» Exercise description: Your response is a verbatim copy of the listing, stripped of its images.

» Given material:
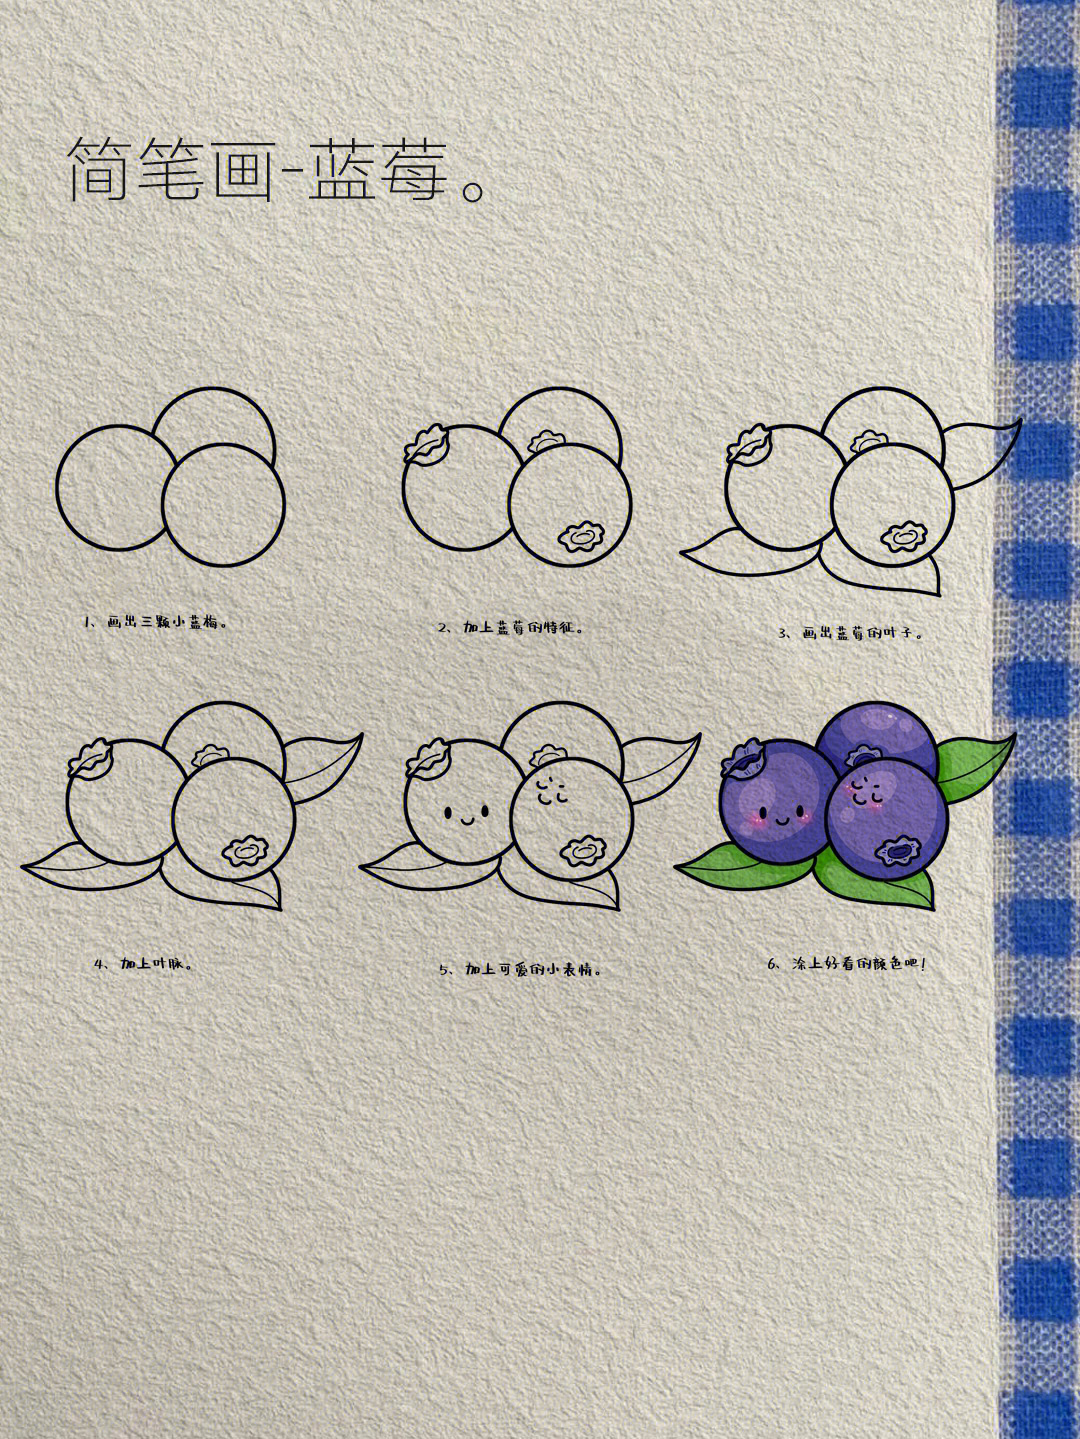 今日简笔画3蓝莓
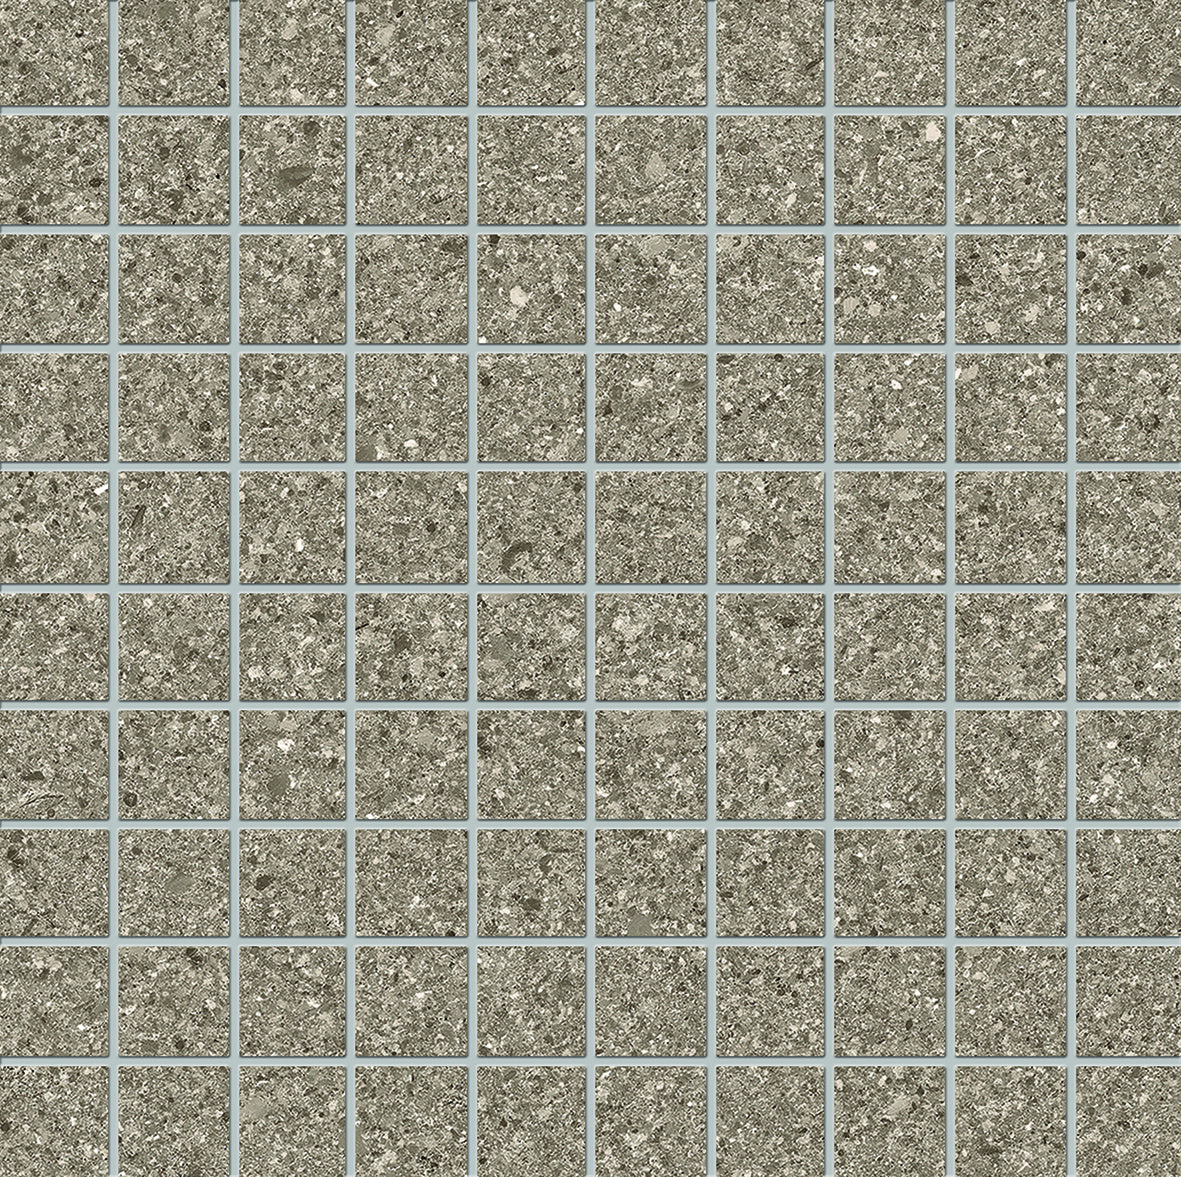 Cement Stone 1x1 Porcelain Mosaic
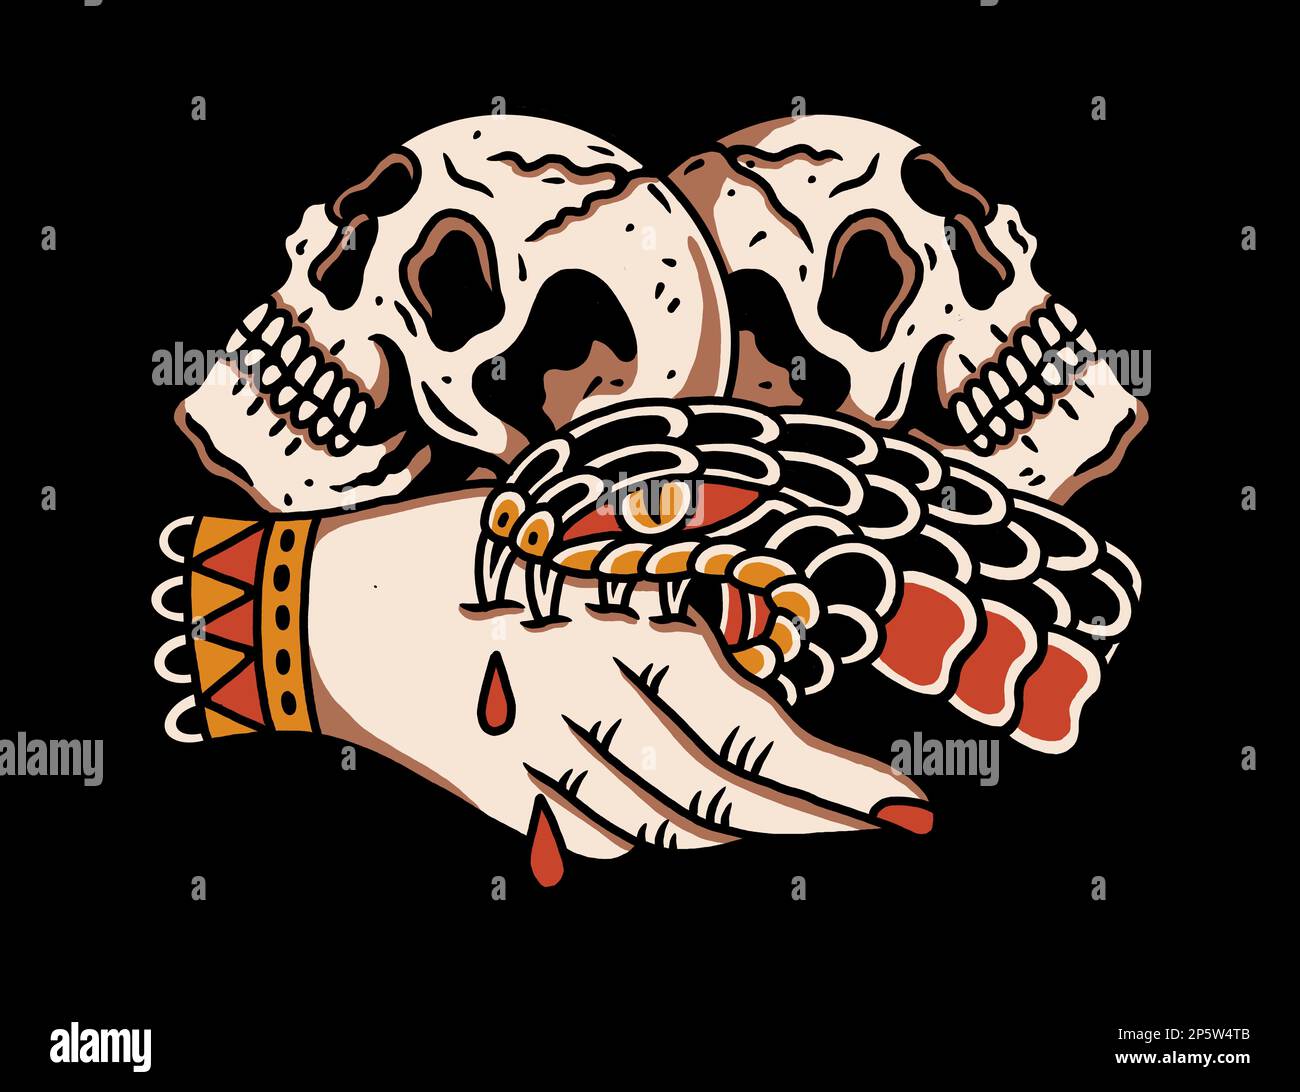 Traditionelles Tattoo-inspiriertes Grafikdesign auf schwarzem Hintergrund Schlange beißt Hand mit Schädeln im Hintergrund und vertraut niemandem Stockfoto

» Output:
 今日简笔画3蓝莓
 Cement Stone 1x1 Porcelain Mosaic
 Traditionelles Tattoo-inspiriertes Grafikdesign auf schwarzem Hintergrund Schlange beißt Hand mit Schädeln im Hintergrund und vertraut niemandem Stockfoto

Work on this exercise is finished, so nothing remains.